WRITTEN BY
Collège Champittet
02 December, 2025

“Every child we educate is a soul won.” (Victor Hugo)

« Chaque enfant qu’on enseigne est un homme qu’on gagne. » (Victor Hugo) - chaque-enfant-quon-enseigne-est-un-homme-quon-gagne--victor-hugo

The idea that barbarism always lurks in the shadows of ignorance, ready to strike when the right conditions are met, has long been a central idea in classical philosophical thought. Knowledge, understood as a shield against oppression, injustice and evil, was long seen as our last line of defence. 

Victor Hugo embraces this vision, which we can trace back to the Enlightenment, in his quote: “Every child we educate is a soul won.” Taken from Hugo’s 1881 poetry collection Les Quatre Vents de l'esprit (The Four Winds of the Mind), the quote reminds us that education serves not only to teach facts, but to teach humanity – shaping young people into compassionate, responsible human beings.

Can education protect us from ourselves?

Since Hugo’s time, our world has witnessed the atrocities of the Holocaust. As George Steiner has observed, Weimar – the city of Goethe, and a symbol of the influence of modern Western culture – is located only a few kilometres from the Buchenwald concentration camp. 

Contrary to what we might believe or hope, knowledge is not enough to protect us from evil. Many post-war intellectuals have written about this tragic reality of our post-modern condition: culture and knowledge, while powerful, do not guarantee our safety.

An over-emphasis on individualistic learning

In recent times, education has shifted. A certain pedagogical movement is drawing on a distorted view of the Socratic method, which advocates the revelation through inner dialogue of truths buried within us. Eager to reconnect with this great figure of Western thought, but without fully understanding the approach, this movement emphasises the student’s personal fulfilment and freedom at the risk of sacrificing deeper knowledge and wisdom.
In this trend that prioritises autonomy and individual freedom, the individual becomes the new centre of gravity, and education becomes more akin to entertainment rather than true transmission.
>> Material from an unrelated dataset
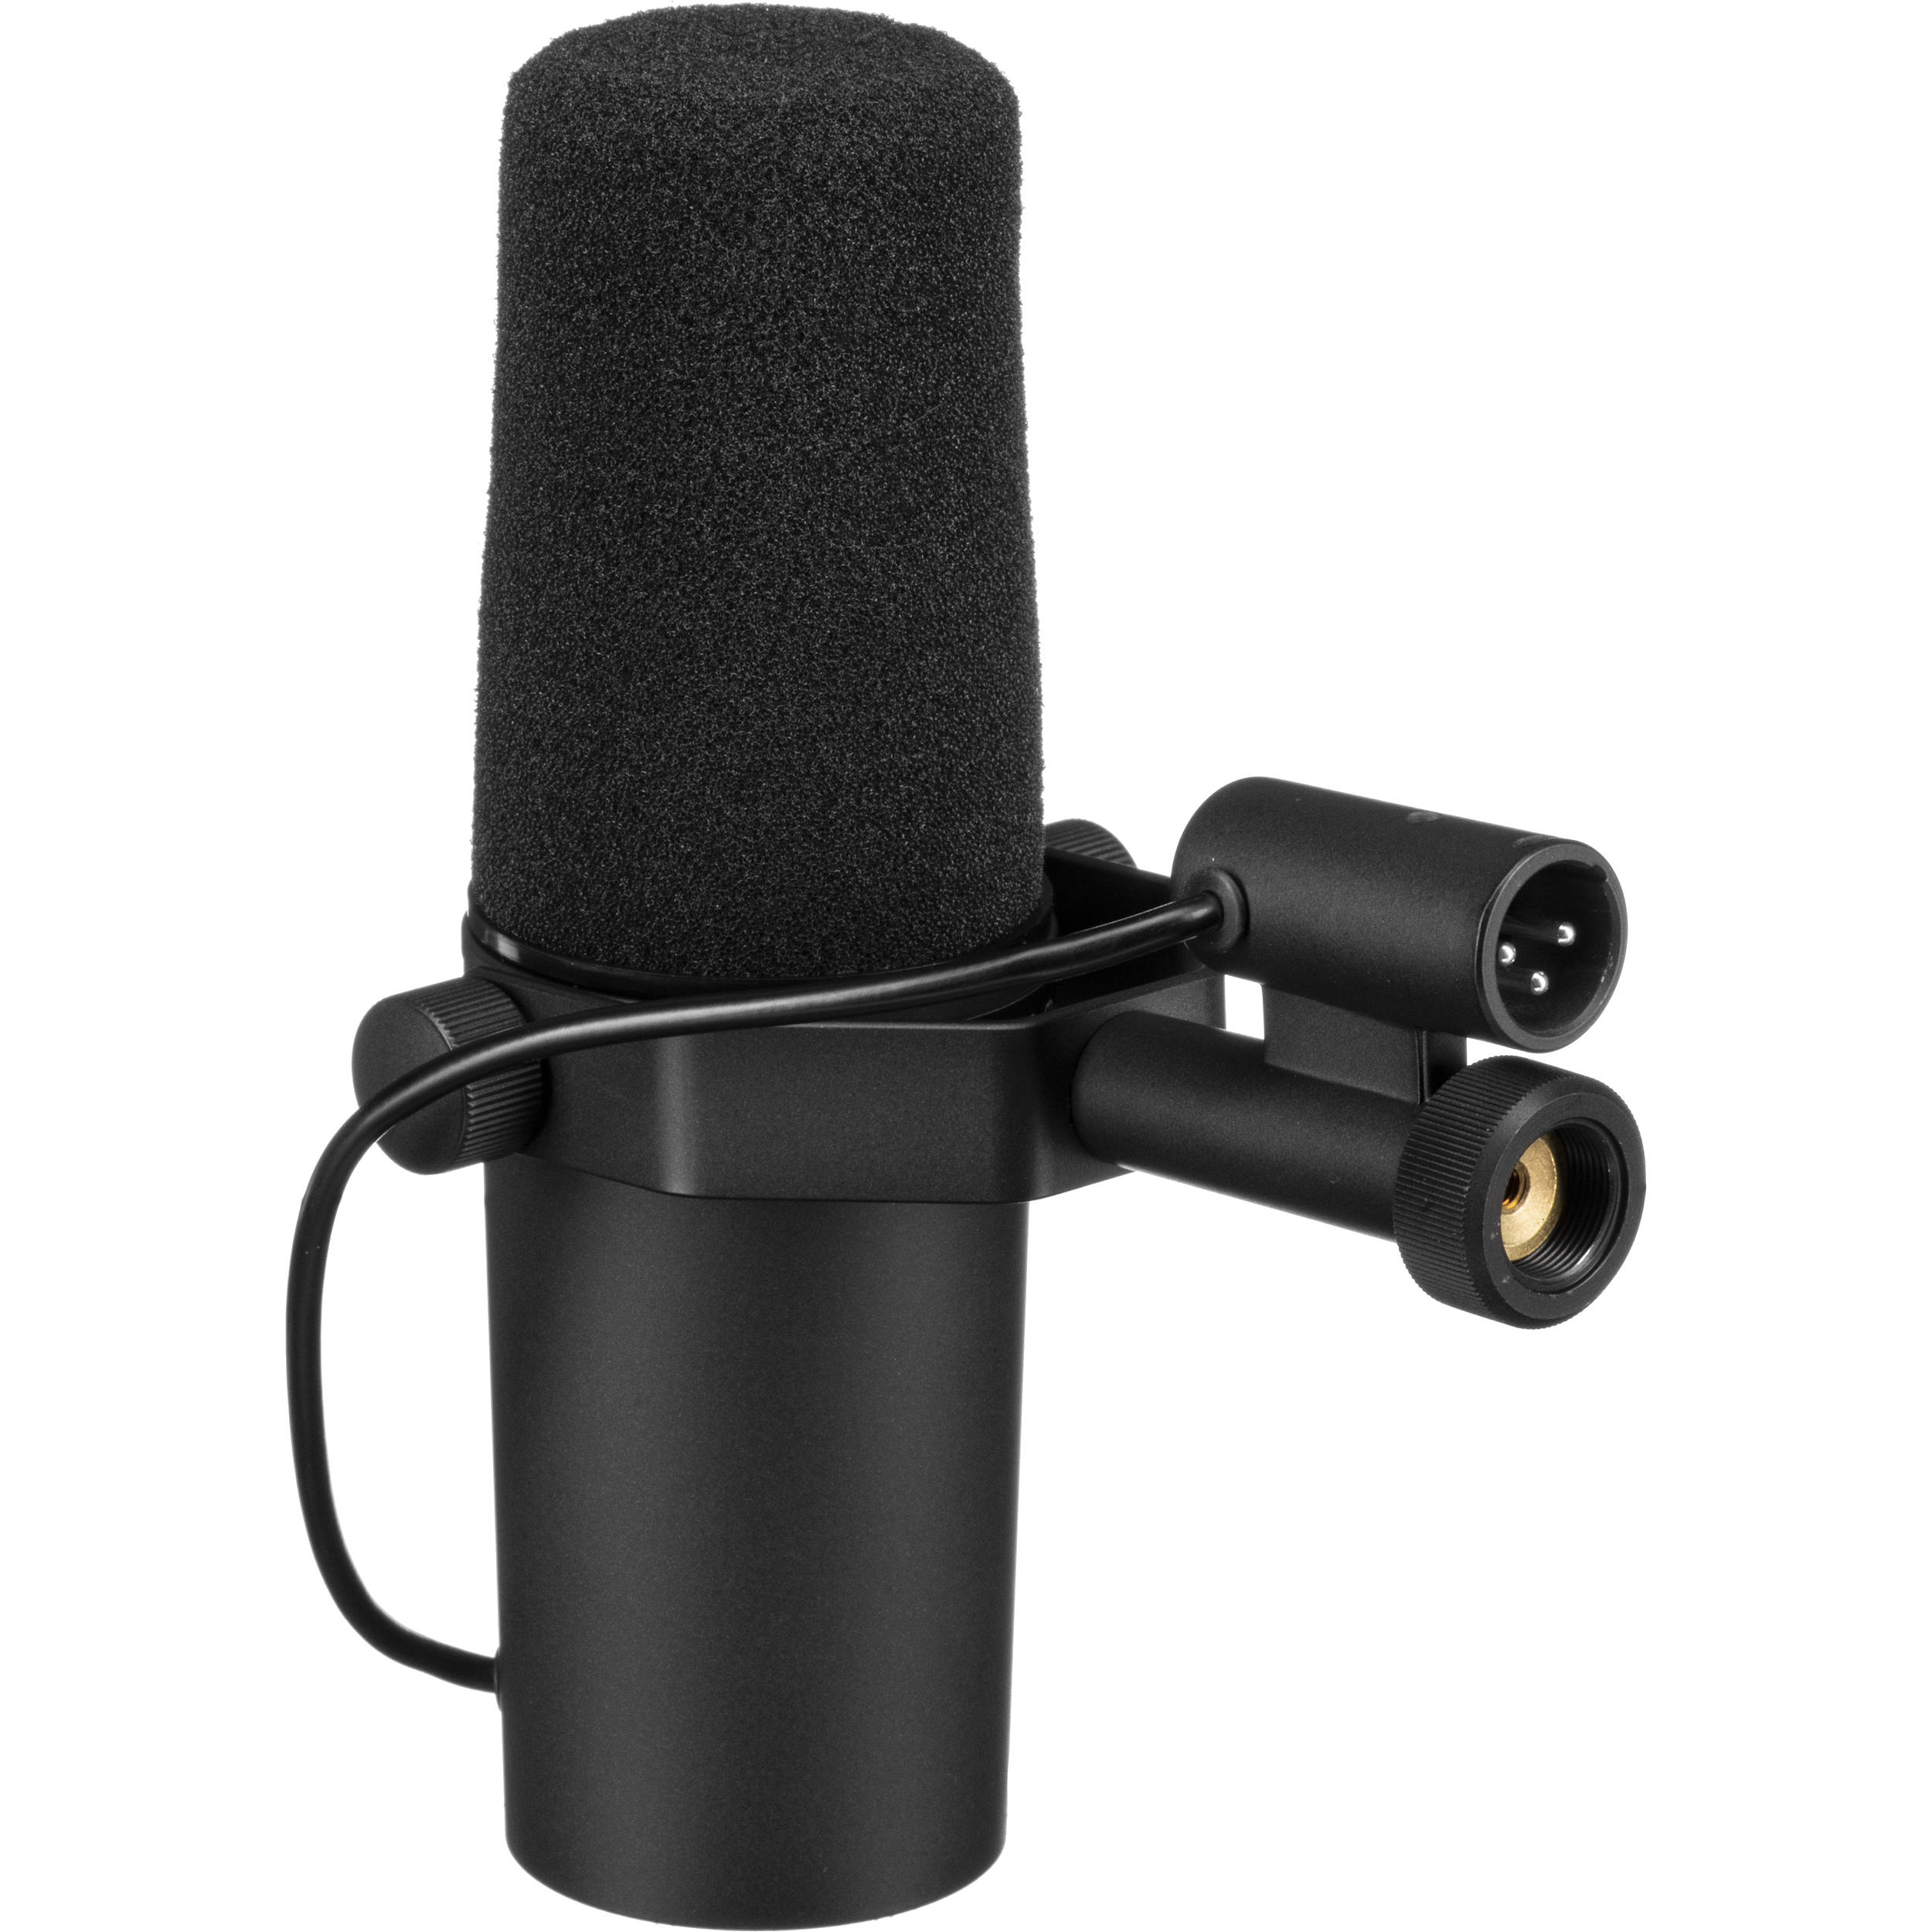 Shure Sm7b Vocal Microphone Sm7b B H Photo Video

True education is more than self-discovery

Not everyone can be Socrates, and as the historian Pierre Legendre says, one cannot build oneself up by relying on oneself. Learning must involve otherness. Students need to engage with the ideas and knowledge that have shaped the world in which we live. After all, that is the same world in which they must live.

Truly ambitious and forward-looking schools understand this. Teaching is about transmission. The word “education” comes from the Latin ex-ducere, “to lead out”. As educators, our role is to draw students out of their self-sufficient mindset – not to reinforce it through a mistaken view of “autonomy” and “freedom”. We must give them the keys to navigate and thrive in a world that existed before them – and one that will continue to exist once they are gone.
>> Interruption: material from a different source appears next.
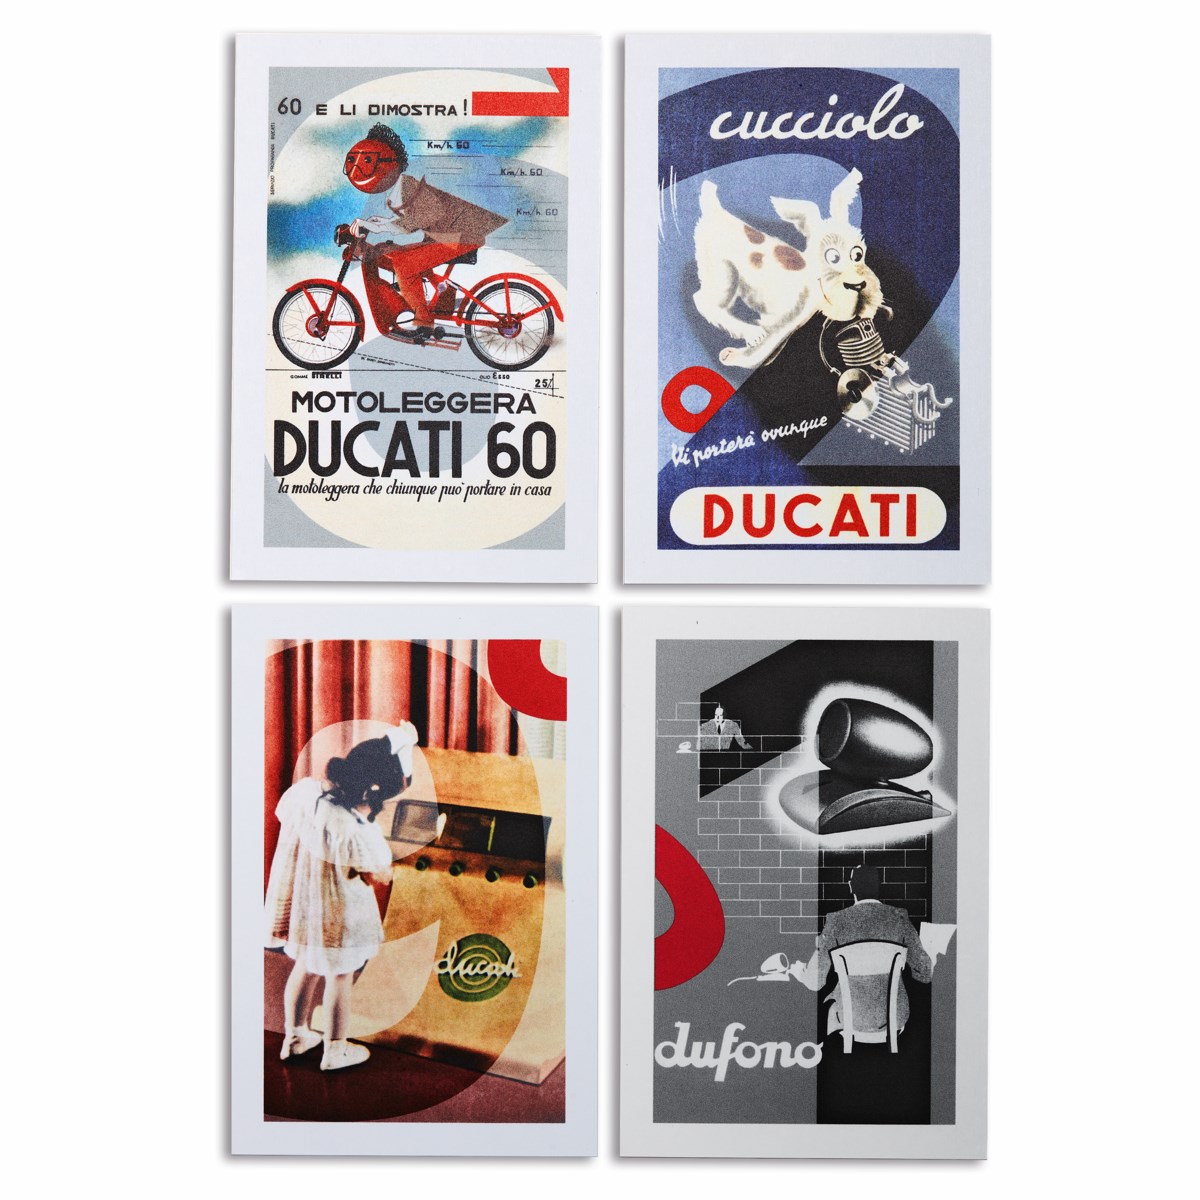 Ducati Museum postikorttisetti

At Collège Champittet, we believe that if our teachers transmit this legacy to our students, then we can indeed “win” souls. We can nurture young people who are capable of independent, reasoned though – not guided by base instincts or short-term desires. These “nascent beings” – to use Hannah Arendt’s expression – will be ready to not just face the world, like adventurers embarking in unknown lands, but to build it, like enlightened creators. 

That is a huge responsibility – but also the greatest act of freedom.